DRS Improvements in vSphere 7

Introduction

The first release of Distributed Resource Scheduling (DRS) dates back to 2006. Since then, data centers and workloads have changed significantly. The new vSphere 7 release is shipped with DRS enhancements to better support modern workloads by using an improved DRS logic and new accompanying UI in the vSphere Client.

The enhanced DRS logic is now workload-centric rather than cluster-centric, as it was before with DRS. The DRS logic is completely rewritten to have a more fine-grained level of resource scheduling with the main focus on workloads. This blog post goes into detail on the new DRS algorithm, and explains how to interpret the metrics as seen in the new UI.

The Old DRS

vSphere DRS used to focus on the cluster state, checking if it needs rebalancing because it could happen that one ESXi host is over-consumed while another ESXi host has less resources consumed. DRS runs every 5 minutes, and if the DRS logic determined it could improve the cluster balance, it would recommend and execute a vMotion depending on the configured settings. That way, DRS used to achieve cluster balance by using a cluster-wide standard deviation model.

The New DRS

The new DRS logic in vSphere 7 takes a very different approach. It computes a VM DRS score on each host and moves the VM to the host that provides the highest VM DRS score.

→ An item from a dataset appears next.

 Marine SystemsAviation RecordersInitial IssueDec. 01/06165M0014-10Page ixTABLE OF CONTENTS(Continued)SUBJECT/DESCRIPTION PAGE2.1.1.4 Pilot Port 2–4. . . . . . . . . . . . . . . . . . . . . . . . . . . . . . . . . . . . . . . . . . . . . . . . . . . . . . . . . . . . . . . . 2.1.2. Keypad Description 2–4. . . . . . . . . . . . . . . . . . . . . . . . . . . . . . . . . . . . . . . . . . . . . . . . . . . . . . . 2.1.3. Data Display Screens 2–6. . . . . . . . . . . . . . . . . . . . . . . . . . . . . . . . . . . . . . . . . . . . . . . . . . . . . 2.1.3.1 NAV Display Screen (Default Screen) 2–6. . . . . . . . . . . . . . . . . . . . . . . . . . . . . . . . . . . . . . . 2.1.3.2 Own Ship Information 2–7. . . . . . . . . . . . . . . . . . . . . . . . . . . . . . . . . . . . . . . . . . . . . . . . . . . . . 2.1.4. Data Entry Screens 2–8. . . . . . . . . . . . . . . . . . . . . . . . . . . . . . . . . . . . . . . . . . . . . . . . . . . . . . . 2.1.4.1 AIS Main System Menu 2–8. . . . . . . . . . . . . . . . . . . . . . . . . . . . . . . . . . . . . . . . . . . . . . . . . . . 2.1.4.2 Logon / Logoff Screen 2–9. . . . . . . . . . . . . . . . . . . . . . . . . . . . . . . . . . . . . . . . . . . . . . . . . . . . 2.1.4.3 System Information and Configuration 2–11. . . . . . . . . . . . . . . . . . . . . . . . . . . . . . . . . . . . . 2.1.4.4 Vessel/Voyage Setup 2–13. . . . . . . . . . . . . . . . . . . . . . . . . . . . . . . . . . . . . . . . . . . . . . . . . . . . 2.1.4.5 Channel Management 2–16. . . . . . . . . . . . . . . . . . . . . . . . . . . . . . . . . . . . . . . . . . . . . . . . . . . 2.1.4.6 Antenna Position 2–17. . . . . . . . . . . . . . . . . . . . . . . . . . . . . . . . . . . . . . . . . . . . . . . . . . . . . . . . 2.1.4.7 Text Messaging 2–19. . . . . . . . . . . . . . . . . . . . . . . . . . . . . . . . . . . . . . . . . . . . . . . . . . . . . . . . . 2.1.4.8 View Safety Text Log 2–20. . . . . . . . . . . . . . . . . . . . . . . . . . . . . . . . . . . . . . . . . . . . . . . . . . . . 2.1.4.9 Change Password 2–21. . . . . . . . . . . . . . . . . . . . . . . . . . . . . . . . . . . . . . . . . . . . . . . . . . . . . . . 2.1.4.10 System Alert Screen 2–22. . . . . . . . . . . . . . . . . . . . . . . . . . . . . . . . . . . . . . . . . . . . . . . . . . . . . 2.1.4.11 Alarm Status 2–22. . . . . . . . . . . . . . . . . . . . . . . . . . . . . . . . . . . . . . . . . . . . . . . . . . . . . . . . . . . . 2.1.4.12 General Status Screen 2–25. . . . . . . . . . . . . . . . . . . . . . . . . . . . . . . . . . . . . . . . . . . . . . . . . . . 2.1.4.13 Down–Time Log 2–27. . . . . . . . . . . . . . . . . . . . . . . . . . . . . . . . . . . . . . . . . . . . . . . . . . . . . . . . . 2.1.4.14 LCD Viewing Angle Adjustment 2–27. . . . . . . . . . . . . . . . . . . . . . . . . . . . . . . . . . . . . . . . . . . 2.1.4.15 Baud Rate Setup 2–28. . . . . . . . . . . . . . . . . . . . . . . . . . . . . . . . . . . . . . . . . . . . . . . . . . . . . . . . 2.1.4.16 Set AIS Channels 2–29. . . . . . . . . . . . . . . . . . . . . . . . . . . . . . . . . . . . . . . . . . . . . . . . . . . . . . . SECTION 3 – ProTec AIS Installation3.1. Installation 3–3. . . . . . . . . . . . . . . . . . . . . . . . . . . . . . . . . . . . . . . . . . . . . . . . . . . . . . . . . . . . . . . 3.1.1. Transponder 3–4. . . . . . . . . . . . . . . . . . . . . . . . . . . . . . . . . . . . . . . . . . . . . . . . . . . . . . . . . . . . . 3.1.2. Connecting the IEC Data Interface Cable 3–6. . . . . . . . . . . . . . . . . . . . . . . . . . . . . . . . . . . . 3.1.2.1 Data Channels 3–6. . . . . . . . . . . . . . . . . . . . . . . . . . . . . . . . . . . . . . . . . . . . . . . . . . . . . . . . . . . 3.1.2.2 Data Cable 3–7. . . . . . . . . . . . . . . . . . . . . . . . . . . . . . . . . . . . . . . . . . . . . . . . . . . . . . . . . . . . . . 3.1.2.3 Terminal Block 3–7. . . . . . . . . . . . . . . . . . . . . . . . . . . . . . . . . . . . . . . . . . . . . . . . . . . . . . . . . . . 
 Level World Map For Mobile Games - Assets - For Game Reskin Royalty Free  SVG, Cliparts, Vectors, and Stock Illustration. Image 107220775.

The biggest change from the old DRS version is that it no longer balances host load directly. Instead, it improves the balancing by focusing on the metric that you care most about: the virtual machine happiness. Important to note is that the improved DRS now runs every minute, providing a more granular way to calculate workload placement and balancing. This results in overall better performance of the workloads.

VM DRS Score

The new DRS logic quantifies virtual machine happiness by using the VM DRS score. First, let me emphasize that the VM DRS Score is not a health score for the virtual machine! It is about the execution efficiency of a virtual machine. The score values range from 0 to 100% and are divided into buckets; 0-20%, 20-40%, and so on.

Obtaining a VM DRS score of 80-100% indicates that there is mild to no resource contention. It does not necessarily mean that a virtual machine in the 80-100% bucket is doing way better than a virtual machine in the lower buckets. That is because there are many metrics that influence the VM DRS score. Not only performance metrics are used, but capacity metrics are also incorporated in the algorithm.

The performance drivers for the VM DRS score are contention based, using metrics like CPU %ready time, good CPU cache behavior, and memory swap. The reserve resource capacity, or headroom, that a current ESXi host has is also taken into account to determine the VM DRS score. Will the virtual machine be able to burst resource consumption on its current host and to what level? Are there other ESXi hosts in the cluster that have more headroom available? All these factors play an important role in the calculation of the VM DRS score.

The improved DRS is no longer thinking about the relative load between ESXi hosts in a cluster, the main focus is on the happiness of the workloads. Next to VM DRS Score, DRS presents the Cluster DRS Score in the UI. It is calculated using an aggregation of all the happiness VM scores in the cluster. DRS will try to maximize the execution efficiency of each virtual machine in the cluster while ensuring fairness in resource allocation to all virtual machines.

The vSphere cluster summary overview provides insights on what is happening from a DRS perspective. If you require more information on VM DRS Score, the new UI will provide that information to you.

View All VMs

When clicking on the ‘View all VMs’ option in the cluster summary DRS view, you will be presented an overview of all virtual machines in the cluster and more detailed information about their resource claim and entitlement.

There might be situations where you will see a lot of CPU stress, which appear as high CPU ready times (%RDY) in the CPU Readiness column, or a large amount of swapped memory. Those are indicators that the workloads have possibly depleted the cluster compute resources.

You can use this information to move workloads to other clusters, or to scale out the cluster resources by adding additional ESXi hosts. The latter we can do automatically in VMware Cloud on AWS using Elastic DRS.

UI Walkthrough

When you click on the cluster “Summary” overview in vSphere 7, the new DRS UI is shown on the right. Expand the DRS view to get immediate insights. Check out this UI walkthrough to get an understanding of what it looks like:

To Conclude

DRS is providing a very fundamental and important functionality as part of our virtual infrastructures since its first release. These important enhancements in vSphere 7 mean that workloads will perform as close to optimal as possible, while ensuring that hardware is used very efficiently, and help vSphere Admins add GPUs and hardware accelerators to workloads.